→ Data for processing
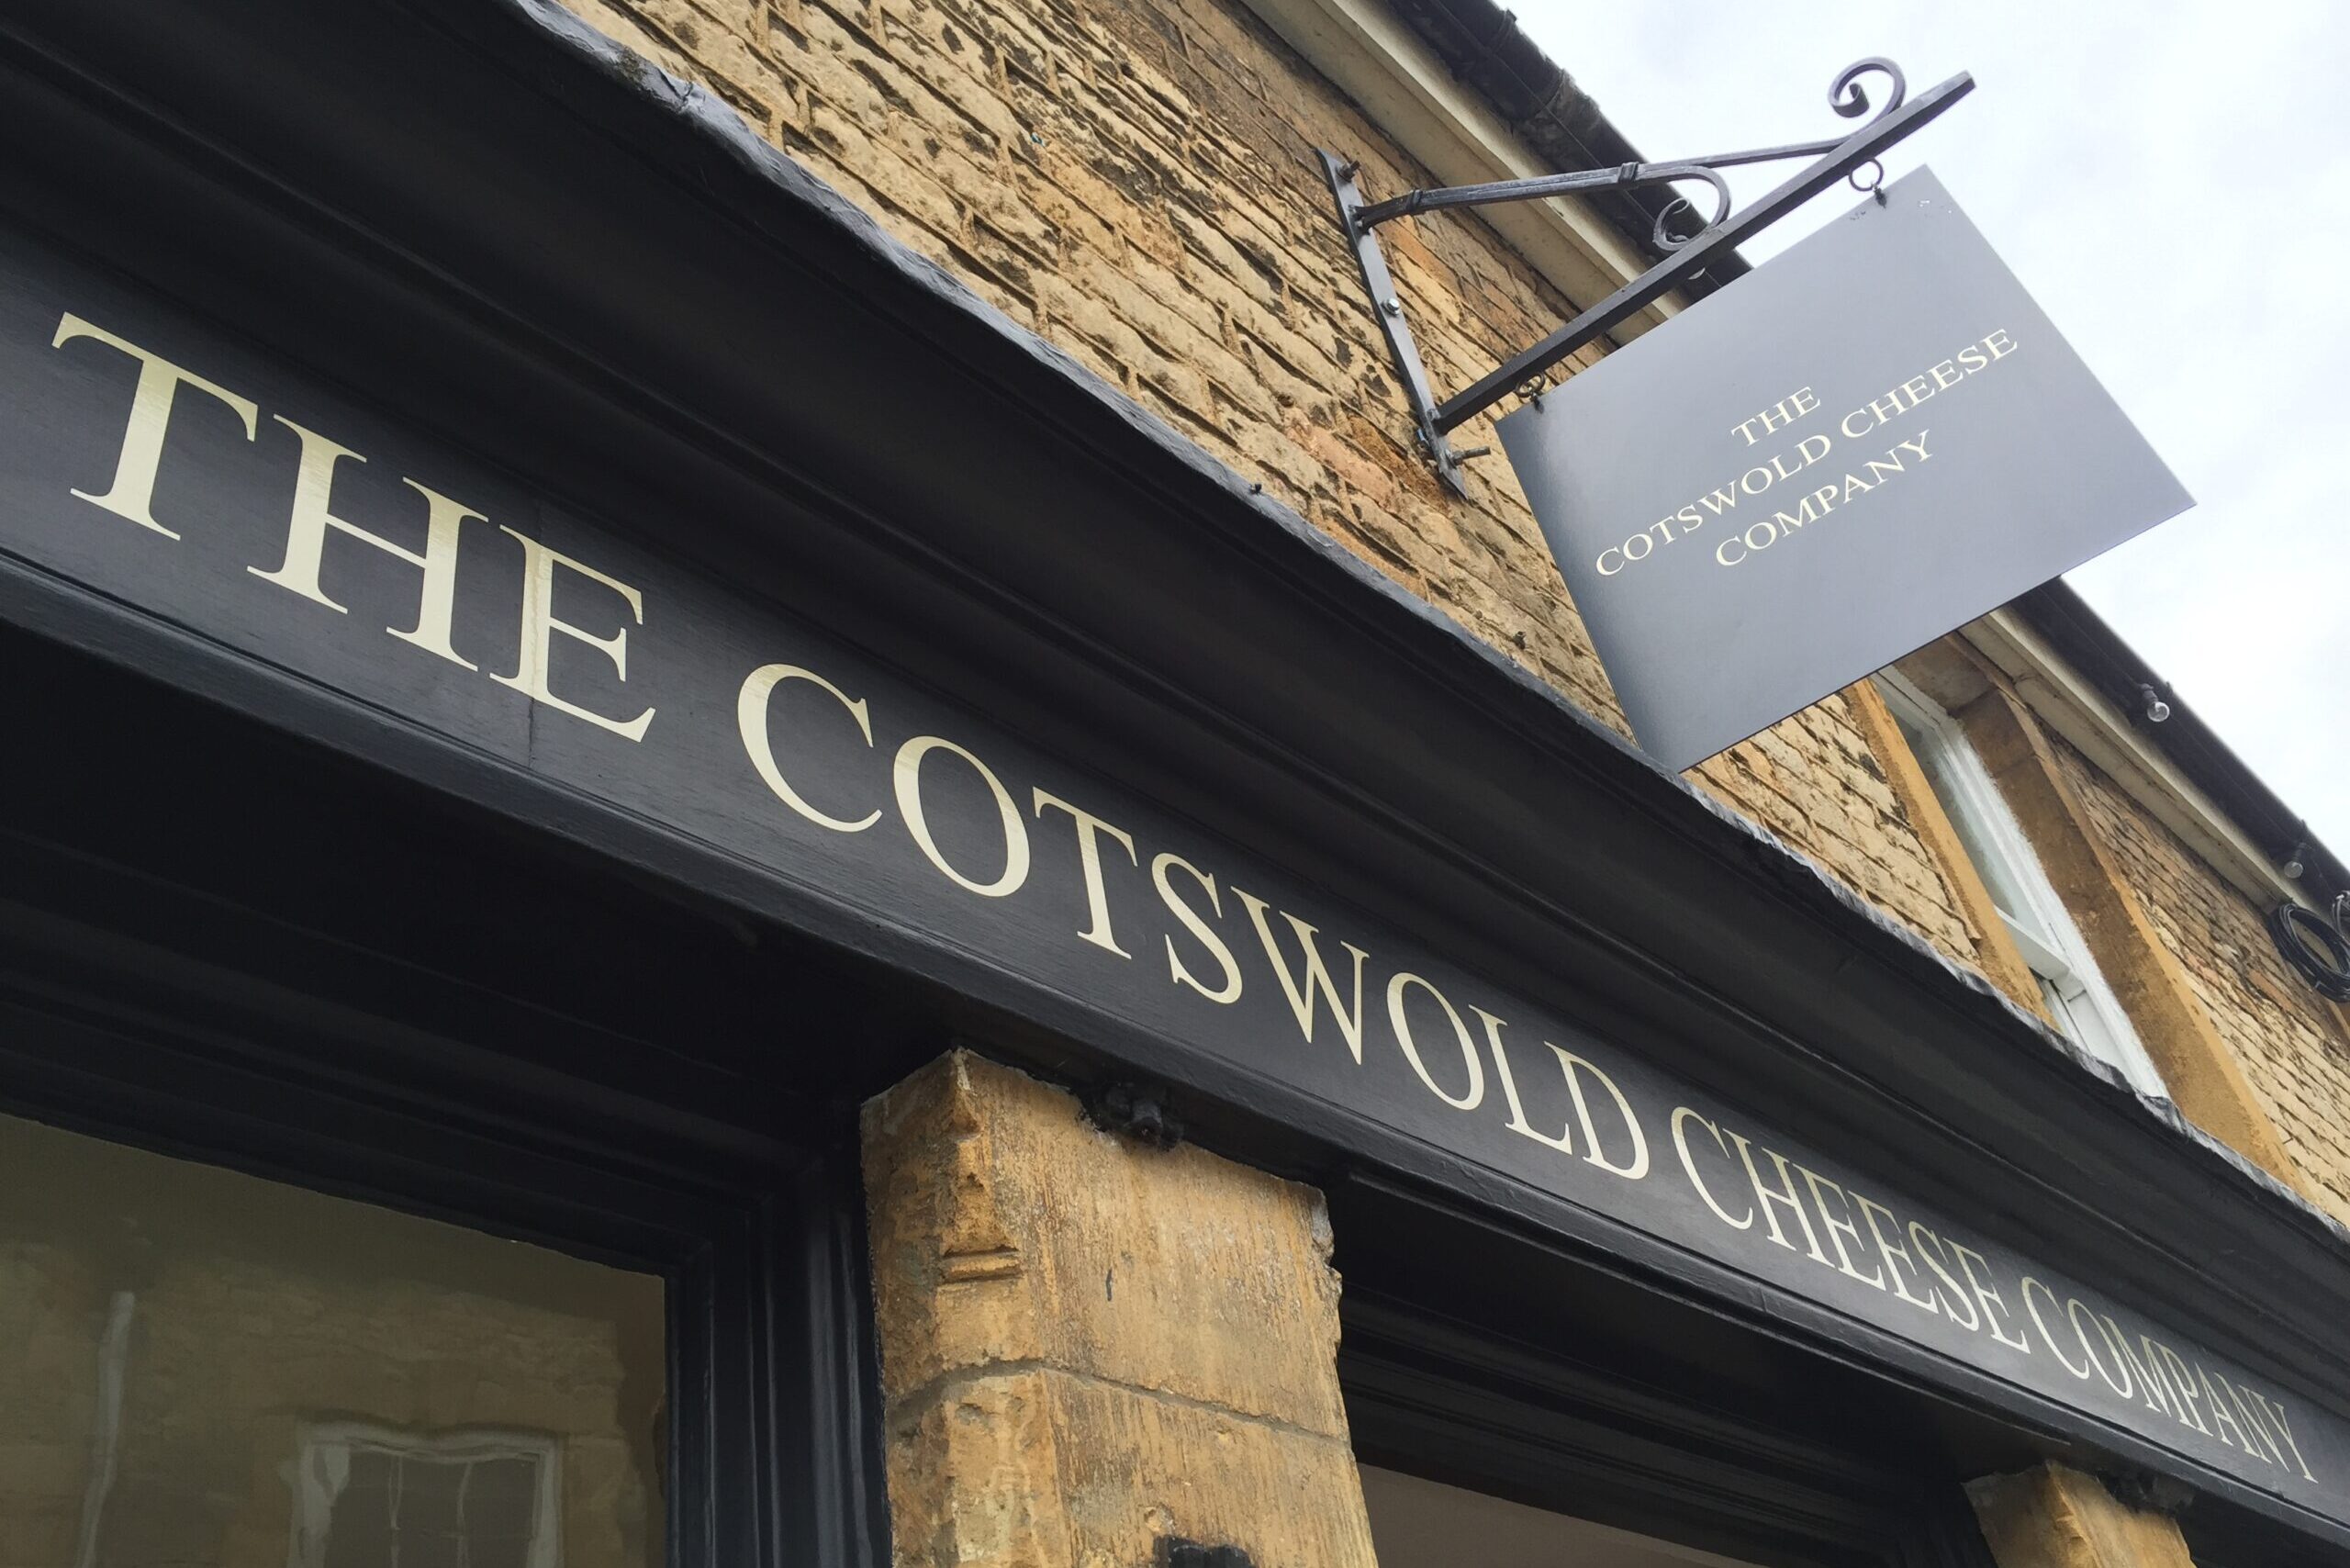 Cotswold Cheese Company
...
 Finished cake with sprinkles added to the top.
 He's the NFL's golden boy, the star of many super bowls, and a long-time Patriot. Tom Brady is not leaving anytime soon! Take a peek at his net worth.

→ Directions
In the listing above, find the line with "Finished cake with" and the line with "He's the NFL's"; set down exactly those two lines and every line between them, nothing more.

→ Reply to the exercise
 Finished cake with sprinkles added to the top.
 He's the NFL's golden boy, the star of many super bowls, and a long-time Patriot. Tom Brady is not leaving anytime soon! Take a peek at his net worth.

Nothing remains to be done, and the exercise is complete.